The AI presents a relative value for the quantity of intrathecally synthesized specific antibodies. With the invention of the measurement of absolute antibody concentrations (5) the evaluation of quantitative intrathecal antibody synthesis became possible. With an improved calculation of the specific antibody fraction in CSF, Fs, a virus-driven antibody synthesis can now be discriminated from a polyspecific, network- related immune response.

These methodological improvements are based on the evaluation of immunoglobulin quotients QIgG, QIgA, QIgM with a nonlinear, hyperbolic discrimination function, QLim (2), which allows the sensitive discrimination between blood- and brain- derived immunoglobulin fractions (i.e., intrathecal synthesis of IgG, IgA and IgM) in CSF. This replaces the earlier linear approaches, like IgG-Index (Ref. in (1)), which lead to false interpretations in cases of a blood/CSF barrier dysfunction as demonstrated in detail (1).

The polyspecific, oligoclonal IgG response is seen in many chronic, acute and subacute inflammatory diseases of the CNS, but there are basic differences in quantity (Tab. 1) and the frequency of an intrathecally synthesized antibody species (4, 7).

In MS (4) as well as in autoimmune diseases with involvement of the CNS (6), i.e., in chronic inflammatory diseases, we observe a high frequency of measles-, rubella- and VZV intrathecal antibody synthesis among antibodies against other virotropic viruses or other microorganisms, like toxoplasma gondii (4), or chlamydia pneumonia (14). This frequency is not seen in any other acute or subacute chronic disease.

The frequency of measles antibodies in MS is 78%, for rubella 60%, for VZV 55% and for HSV 28%. In other acute or subacute inflammatory diseases (HSV-E, SSPE, neurosyphilis, neurotuberculosis) we find the antibody response for these single species with the frequency below 5% and for a combination of two antibody species (e.g., measles and rubella) below 0.1%.

In MS patients we observed with an increasing intrathecal IgG fraction an increasing frequency of the combination of all three antibody species (measles, rubella, zoster = M, R, Z) compared with those patients who had a low intrathecal IgG response with only one or a combination of two of these three antibodies (4). With increasing intrathecal IgG synthesis there is also an increasing amount of antibodies produced for these MRZ species, indicated by an increasing AI (4).

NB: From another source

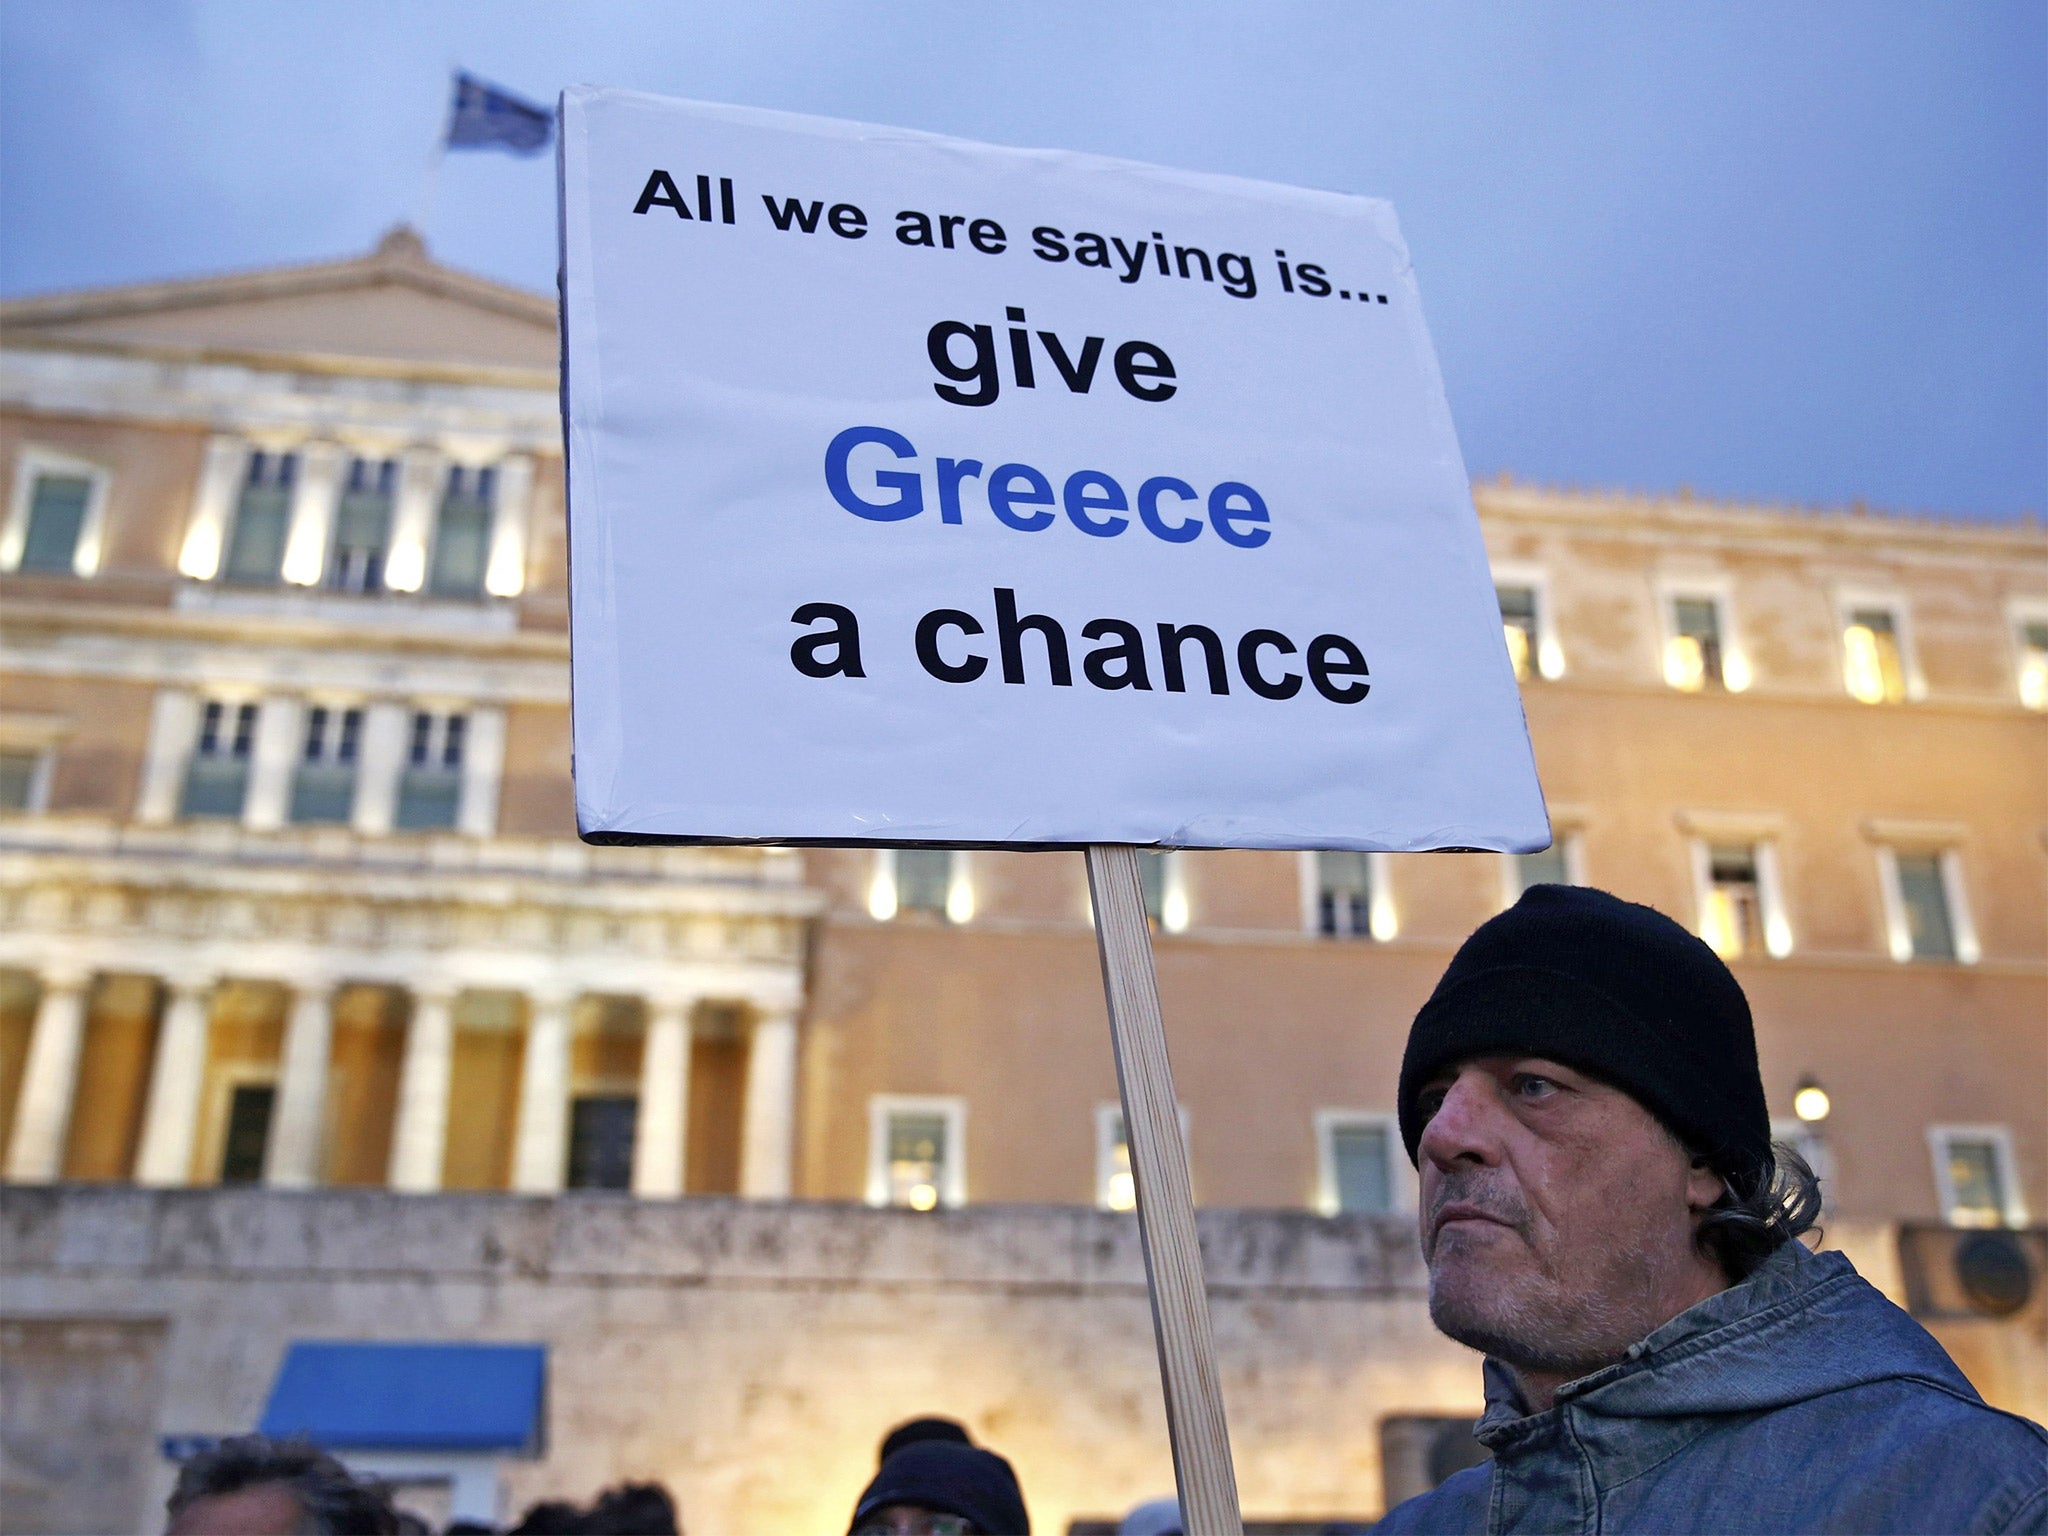 A protester displays his sign during an anti-austerity, pro-government demonstration outside the Greek parliament in Athens on Wednesday
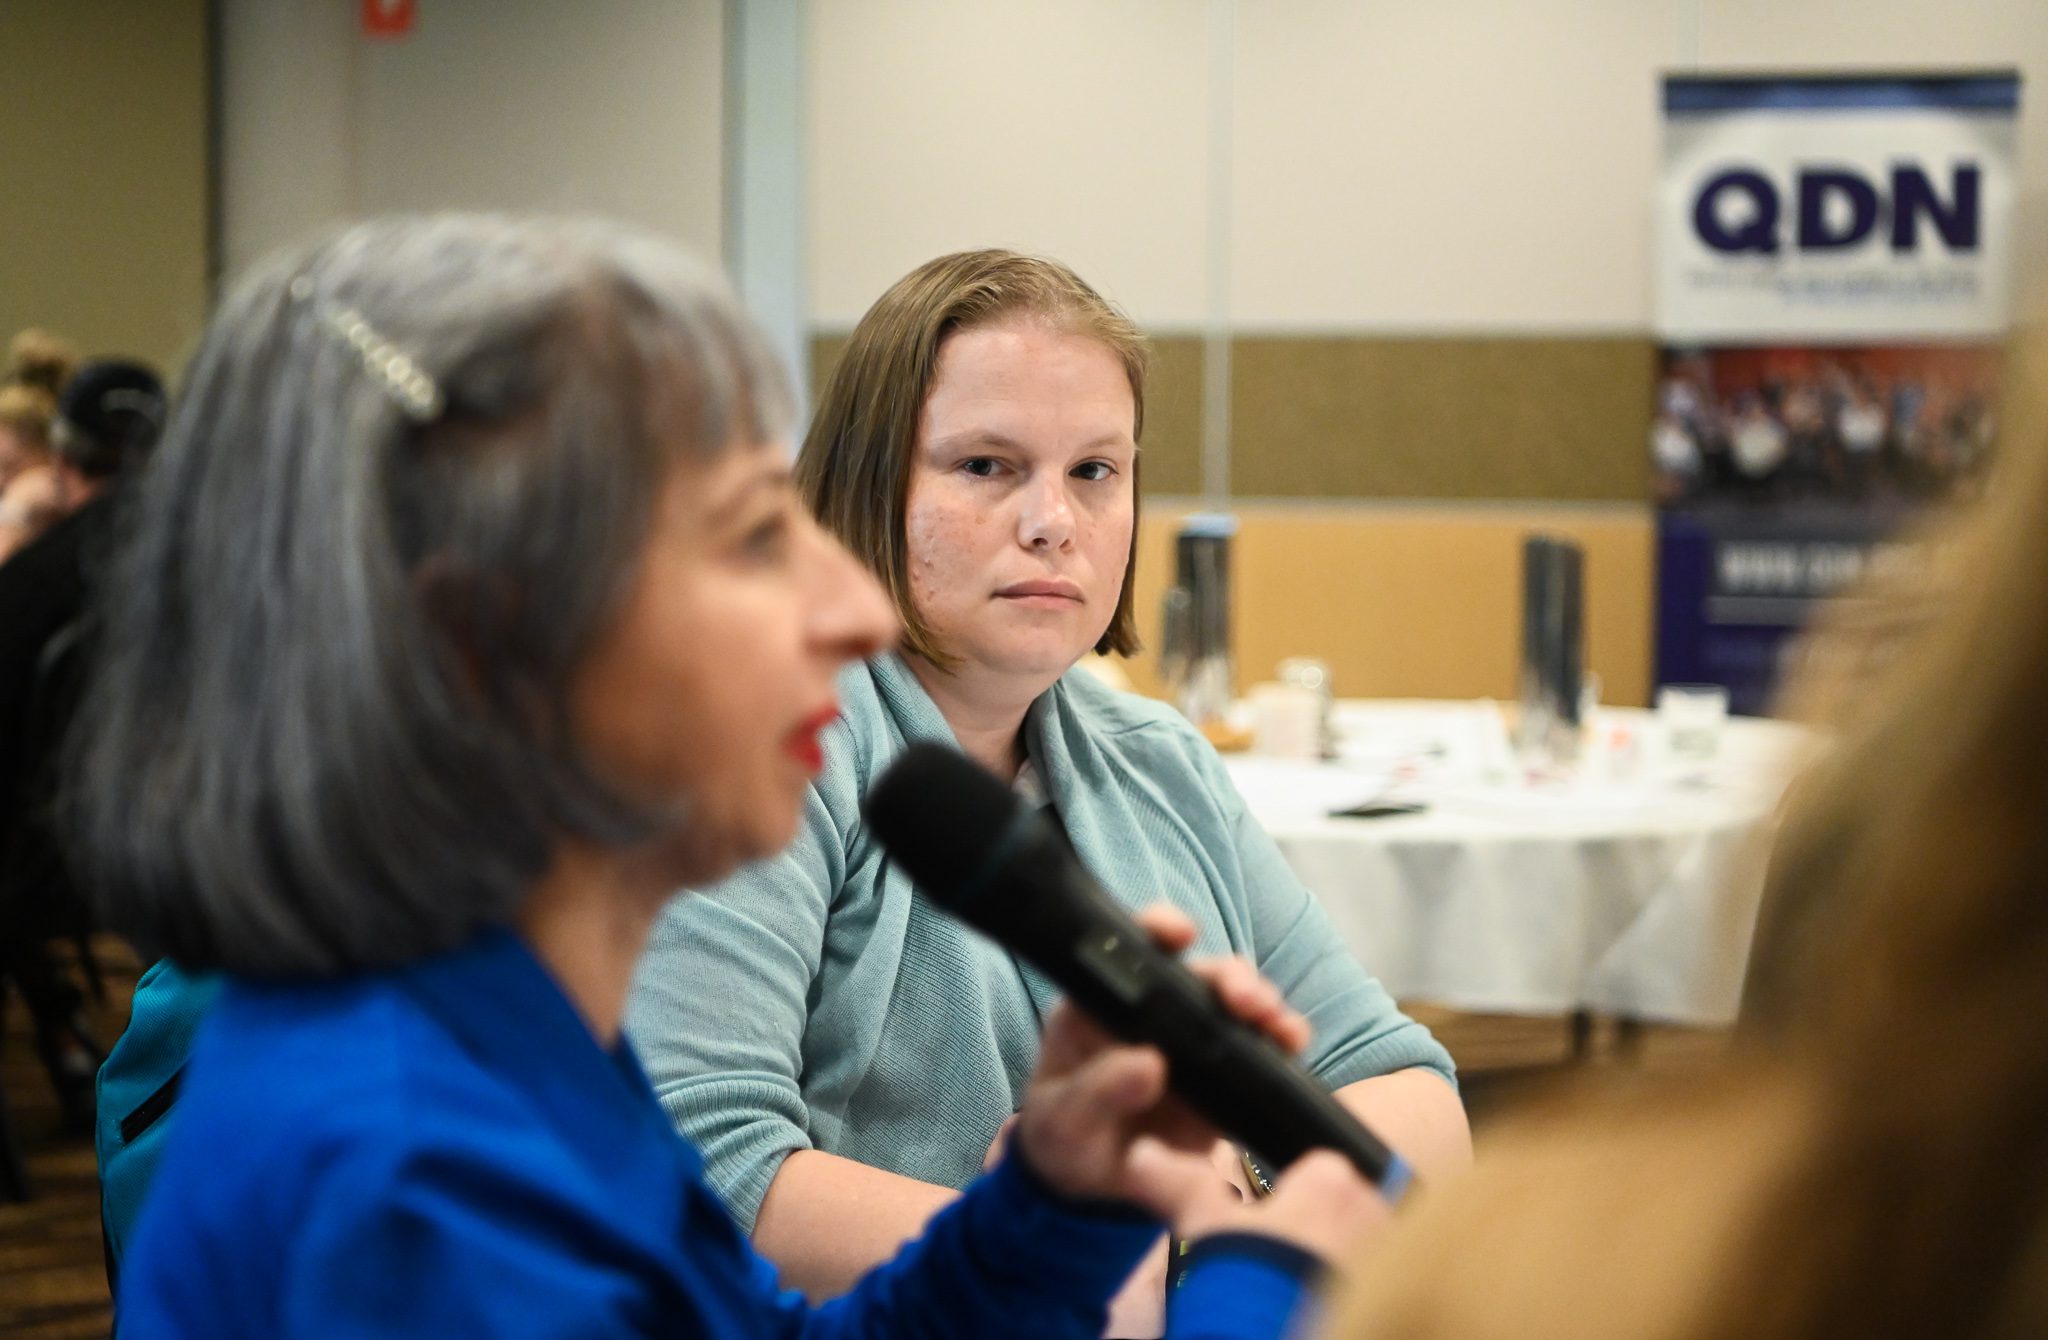 Two women, the one in the foreground is out of focus but she is holding a microphone. The woman in the background is in focus, she has short light brown hair and wearing a light blue long sleeved shirt.

With the invention of the quantitation, i.e., characterization of the intensity of the intrathecal antibody response (5) and the improvement of the calculation (7) for FS (Methods), we get new perspectives for detection of intrathecally synthesized antibodies, regarding its diagnostic as well as its pathophysiological relevance.

Table 1. Mean intensity of the intrathecal virus-specific antibody synthesis in acute, subacute and chronic inflammatory diseases nof the CNS. Comparison of the Antibody-index (AI) and the specific intrathecal antibody fraction (FS) against the causative antigen in subacute sclerosing panencephalitis (SSPE), herpes simplex encepahalitis (HSV-E) and the Fuchs heterochromic cyclitis of the eye (FHC) besides multiple sclerosis (MS) with a polyspecific immune reaction against non-causal antigens.

¹ Data in the aqueous humor of the eye in the Fuchs heterochromic cyclitis (7)
² Correspondingly, in MS patients with uveitis or periphlebitis the following data are found in aqueous humor: Rubella-AI = 3.0 (0.7-35); Rubella-FS = 0.06 (0.01-0.25)%

In Table 1 we compare directly the Antibody-Index (AI) with the specific antibody fraction (FS) for chronic, acute and subacute diseases. From these data we learn that also in acute or subacute diseases with a persistent causative antigen, only less than 30% of the intrathecally synthesized total IgG represents the specific antibodies (20% measles antibodies in SSPE, 9% herpes simplex antibodies in HSV-E, or 2.6% rubella antibodies in aqueous humor of the Fuchs heterochromic cyclitis (FHC) of the eye). But it is clear by these data that the intensity of antibody synthesis against the causative antigen is up to 60-fold higher than the intensity of the polyspecific antibody synthesis in a chronic inflammatory process, like MS (FS < 0.5%). The specific fraction, FS, allows a better discrimination between these both causes of the antibody response than the AI. AI is a relative value depending on the ratio of the amounts of the antibodies in CSF, which derive from blood and brain FS contributes an important diagnostic aspect to discriminate the polyspecific antibody synthesis from the antibody synthesis against a causative antigen. Nevertheless, for the general diagnostic approach, AI remains the most sensitive parameter to detect an intrathecal antibody synthesis.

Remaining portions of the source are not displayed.